Kaggle is an online community of data scientists and machine learning practitioners. And it’s also a great place to get your feet wet in data science. I recently ran through two free courses: Intro to SQL, and Advanced SQL. Both of these courses are free, and will give you a good introduction to both SQL in general and Google BigQuery.

Kaggle Intro to SQL

You might think that you can skip this if you know SQL. You already know what SELECT does. You already know tables and schemas and keys and JOINs work. Well if you don’t know Google BigQuery or haven’t used Kaggle or pandas before, you need this.

from google.cloud import bigquery

# Create a "Client" object
client = bigquery.Client()

# Construct a reference to the "hacker_news" dataset
dataset_ref = client.dataset("hacker_news", project="bigquery-public-data")

# API request - fetch the dataset
dataset = client.get_dataset(dataset_ref)

# Construct a reference to the "comments" table
table_ref = dataset_ref.table("comments")

# API request - fetch the table
table = client.get_table(table_ref)

# Preview the first five lines of the table
client.list_rows(table, max_results=5).to_dataframe()
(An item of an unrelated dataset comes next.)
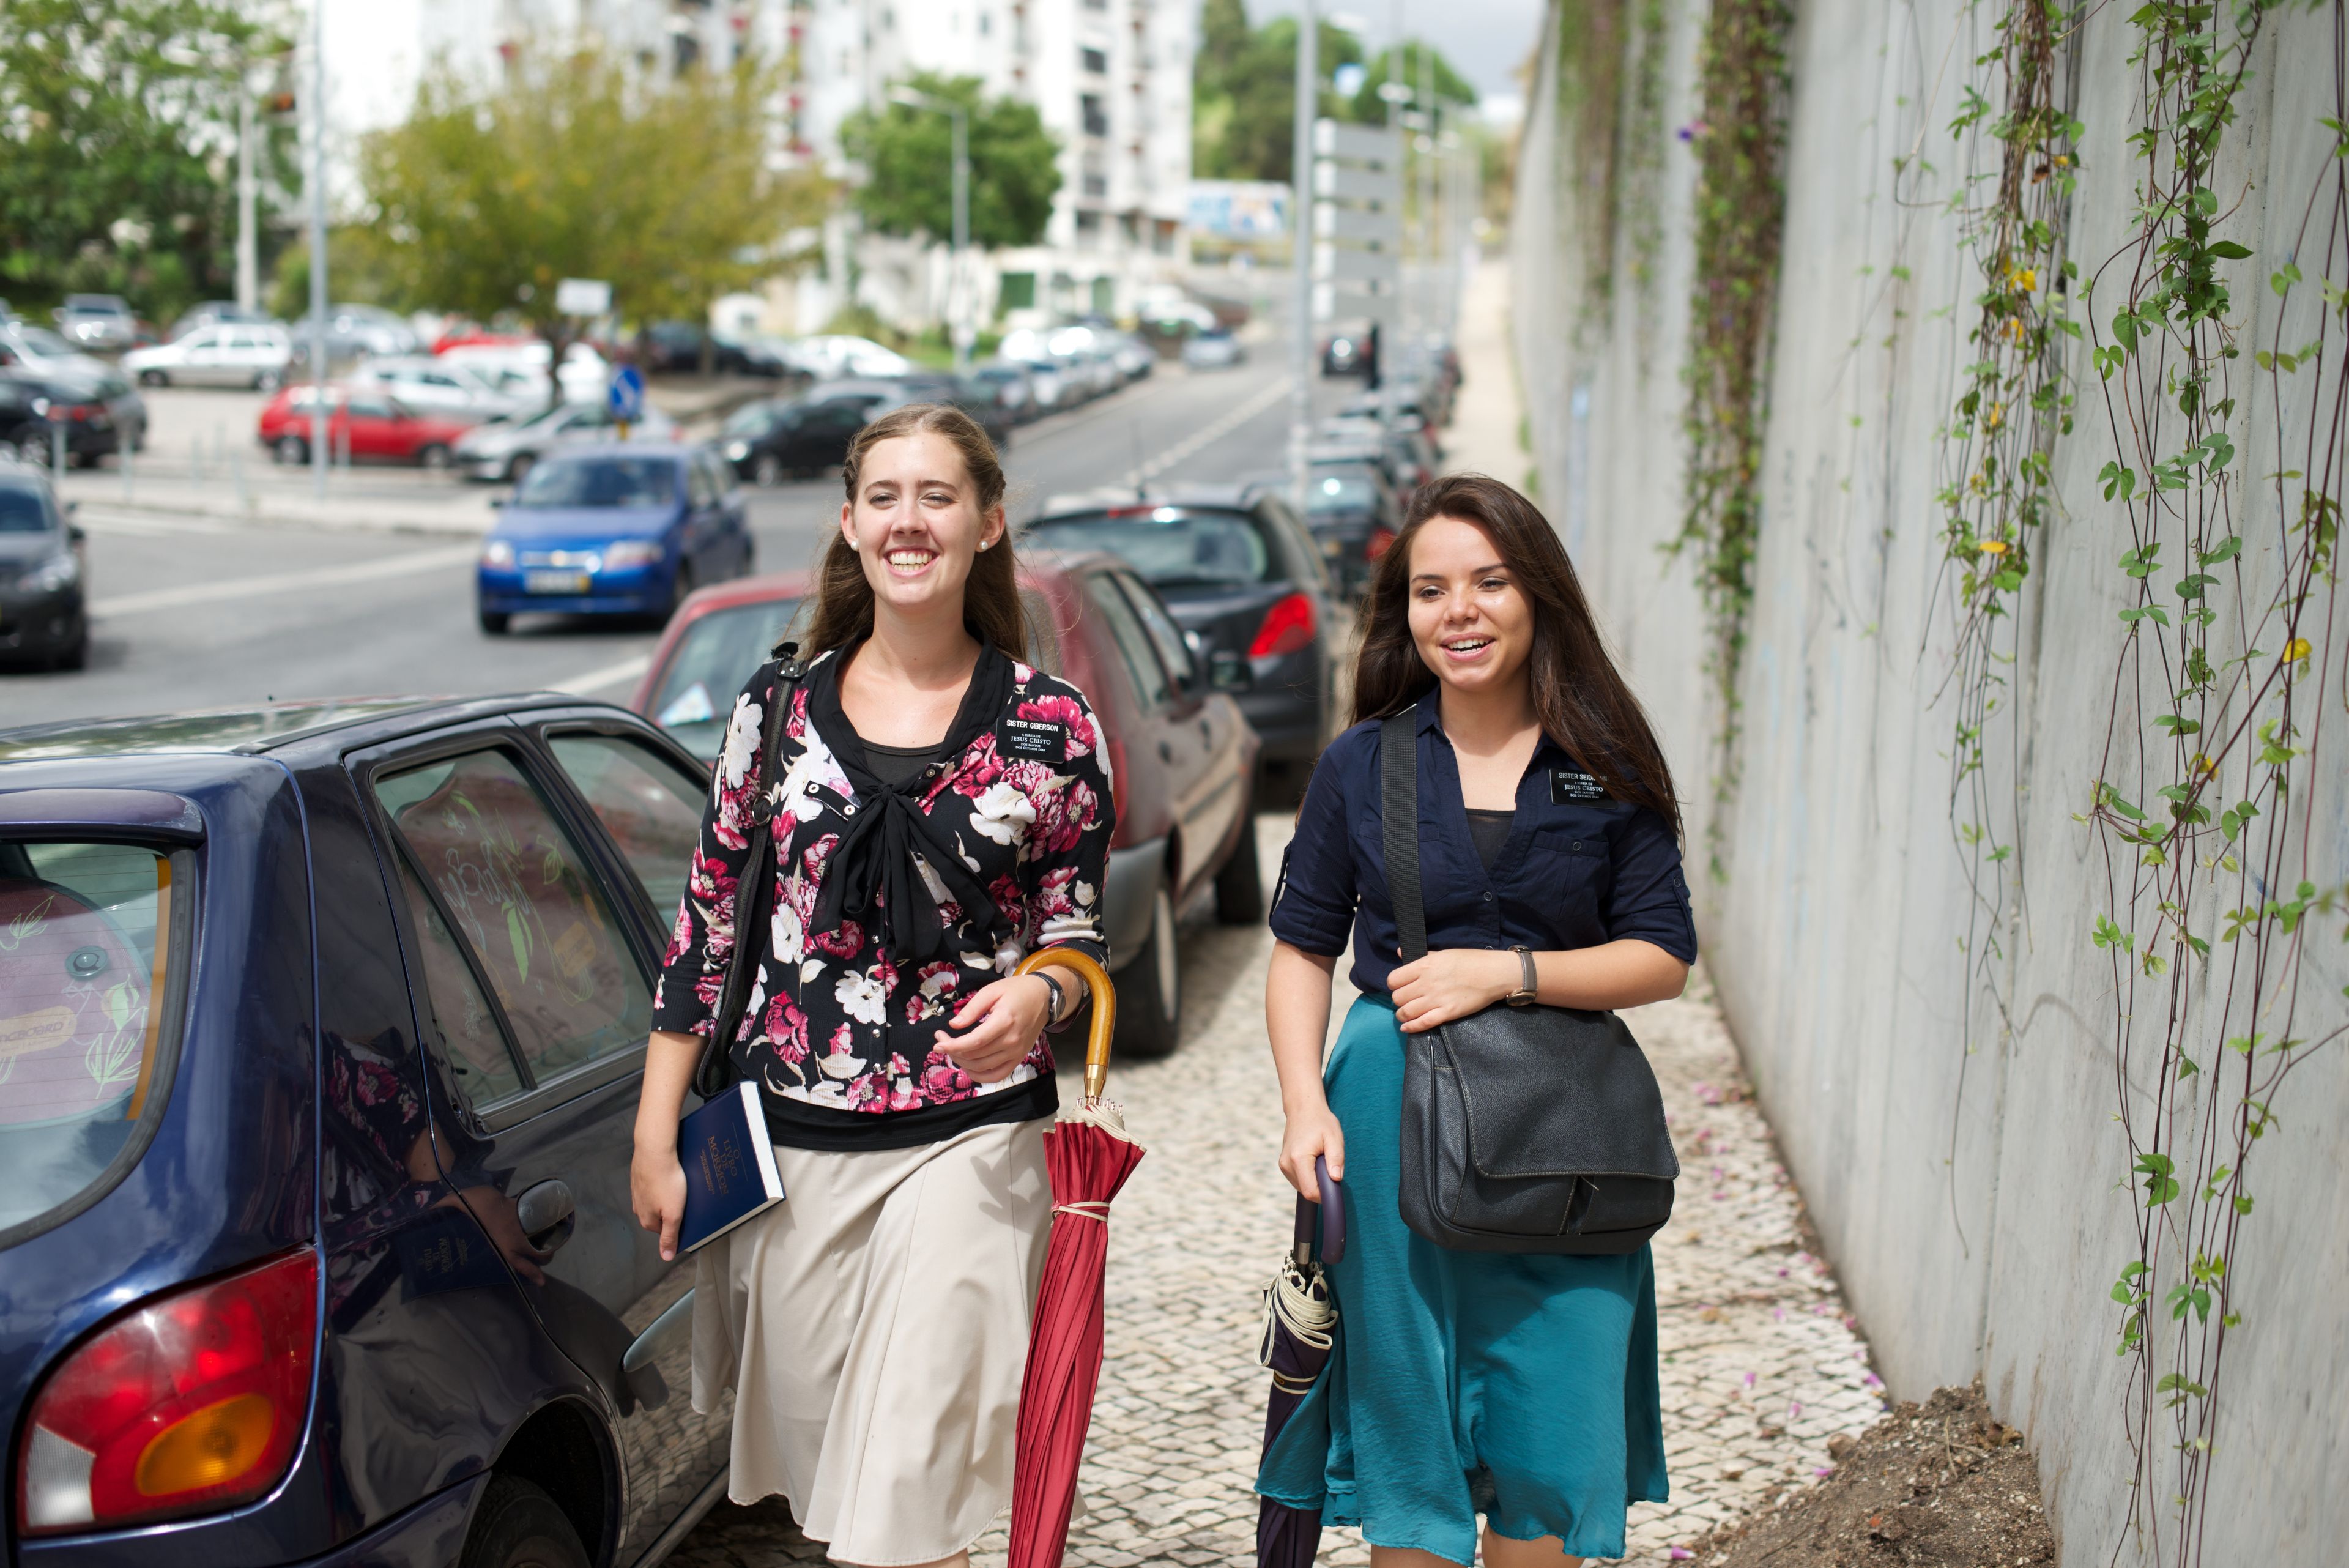 Sister missionaries walking down a street and holding umbrellas.

That’s the code to inspect a few rows from a dataset. The boilerplate takes a bit of time to get used to. I kept the page for the first two courses open while working through Intro to SQL and Advanced SQL just because I kept getting the reference to a table and the actual table backwards.
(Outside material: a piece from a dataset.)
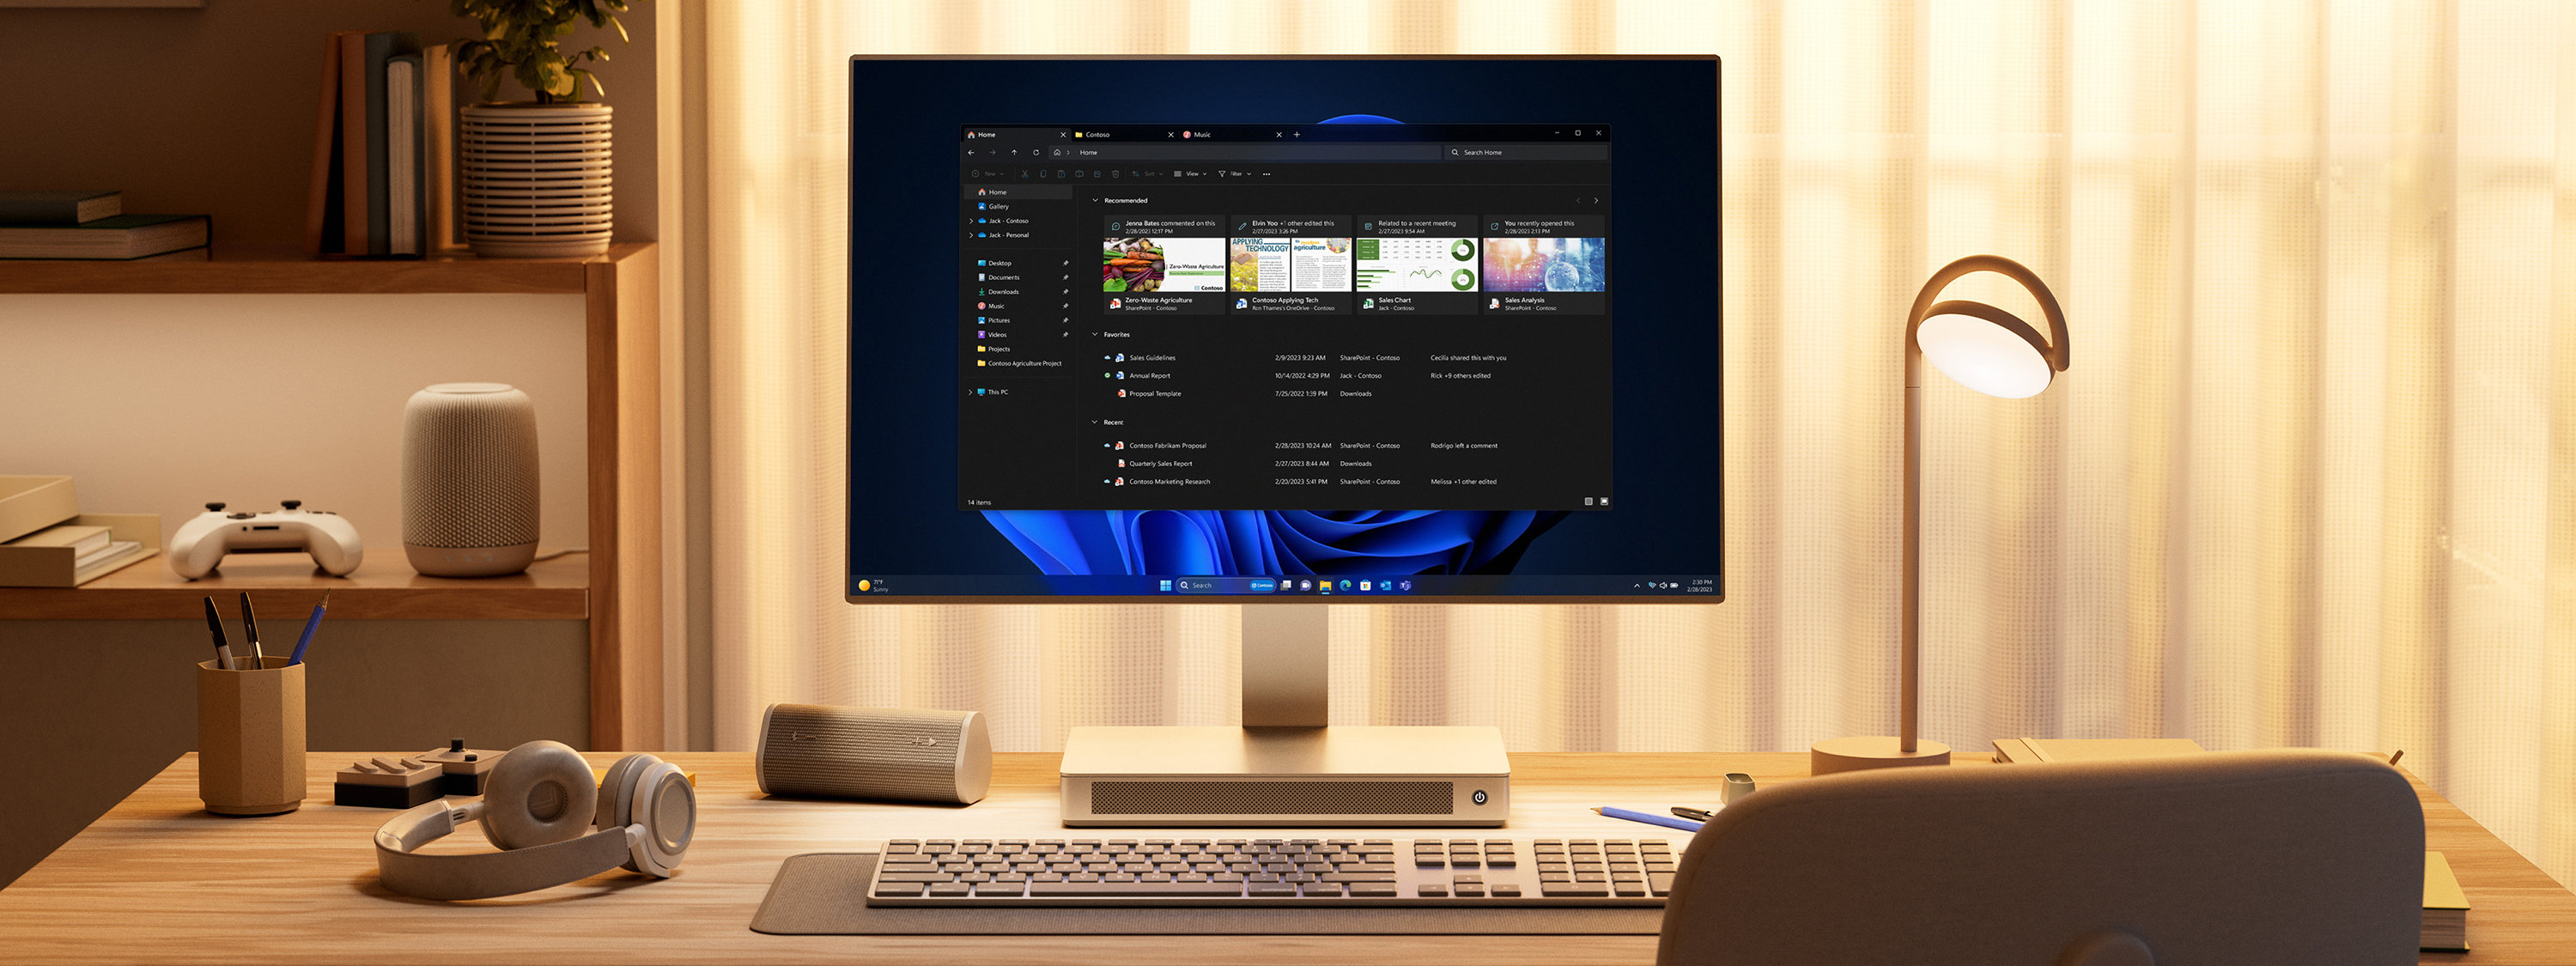 Home office with desk, keyboard and all in one desktop displaying File Explorer window.

The Intro to SQL course runs through an intro to BigQuery, basic keywords, grouping, ordering, and ends with JOINing tables. Overall, it’s a great way to kill a few birds with one stone if you’re totally fresh to Kaggle, BigQuery, or SQL.

Kaggle Advanced SQL

Google BigQuery allows you to nest records. A record in a record. And it’s more efficient. No need to JOIN. Really interesting if you’re coming from a Microsoft SQL Server background. How does it work. Total magic. I’ve used OPENJSON before. And it was a pain in the ass. And no schema. BigQuery has nested records which each have a defined schema. It’s amazing. Go try it out.

The rest of the course is just normal advanced SQL: aggregates, analytics functions, windowing and partitioning, and a light into to optimization. You know, so you don’t blow through your 3 TB allocation on Google Cloud by SELECT * ...ing from a twenty table JOIN.

Overall, really nice courses

Kaggle’s notebooks for these courses are super slick. I only ran into a single issue when exploring the GitHub sample data where the recommended safe scan size (so you don’t blow through your 3TB scan limit on Google Cloud) was over the default safe limit. The query scanned somewhere close to 26GB of data when running through a query. I just bumped the limit to 30GB using the job_config parameter to the BigQuery client.query() call and continued along.

The hint system is great. Each question has a hint and a solution if you get stuck. Just uncomment the call to the hint method or the solution method for that question, and boom the solution or hint is shown in the notebook.